Clojure deftype with `unsynchronized-mutable`
In this post let’s take a closer look at why the ^:unsynchronized-mutable
is used in this Clojure code snippet and learn some Java in the process.
(ns user
(:import (net.thisptr.jackson.jq JsonQuery Scope Output)
(com.fasterxml.jackson.databind JsonNode)))
(definterface IGetter
(^com.fasterxml.jackson.databind.JsonNode getValue []))
(deftype OutputContainer [^:unsynchronized-mutable ^JsonNode container]
Output
(emit [_ output-json-node] (set! container output-json-node))
IGetter
(getValue [_] container))
(defn query-json-node [^JsonNode data ^JsonQuery query]
(let [output-container (OutputContainer. nil)]
(.apply query (Scope/newEmptyScope) data output-container)

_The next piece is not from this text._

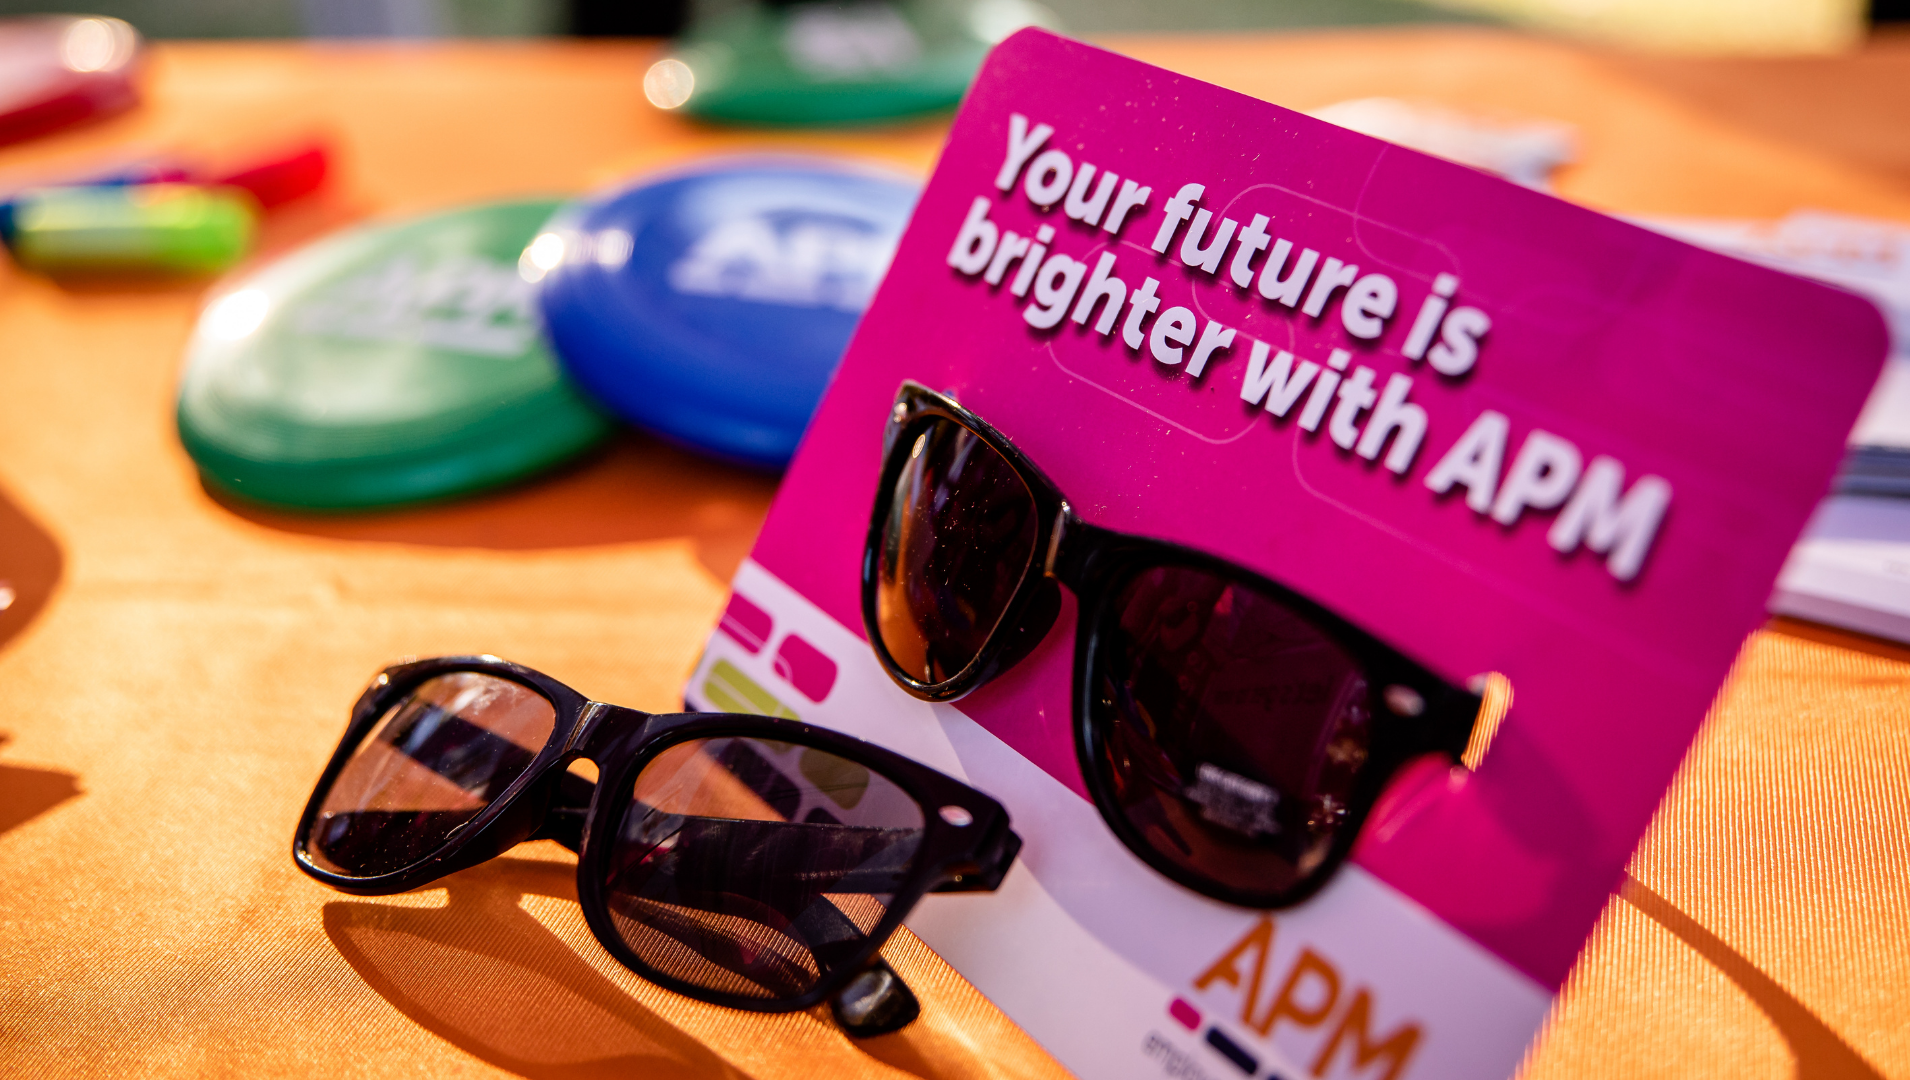 Your future is brighter with APM

(.getValue output-container)))
Note that this code snippet is a bit trimmed down for clarity. The full code can be found here.
Introduction
I was working on clj-jq
:
a Clojure library whose goal is to make it easy to embed a jq
processor directly into an application and that this application can be compiled with the GraalVM native-image
.
clj-jq
was intended to be a thin wrapper for the jackson-jq
Java library.
The exact use cases of the clj-jq
are left out for future blog posts.
Wrapper
The jackson-jq
provides a nice example class that helped me to start implementing the wrapper.
I’ve taken a straightforward approach to create a Clojure library: just “translate” the necessary Java code to Clojure using the Java interop more or less verbatim, parameterize the hardcoded parts, refactor here and there, and the result would be a new library.
The “translation” went as expected until I had to deal with a code that implements the Output
interface:
final List<JsonNode> out = new ArrayList<>();
q.apply(childScope, in, out::add);
In the example an instance of ArrayList
and some Java magic was used (we’ll talk about what and why in the appendix).
Since Clojure functions doesn’t implement Output
interface I can’t pass a function, therefore I’ve “translated” the code using reify
approach as shown below:
(defn query-json-node [^JsonNode data ^JsonQuery query]
(let [array-list (ArrayList.)]
(.apply query (Scope/newChildScope root-scope) data
(reify Output
(emit [this json-node] (.add array-list json-node))))
(.writeValueAsString mapper ^JsonNode (.get array-list 0))))
it worked, but I wasn’t happy about it.
Using an ArrayList
in such a function might be OK for an example.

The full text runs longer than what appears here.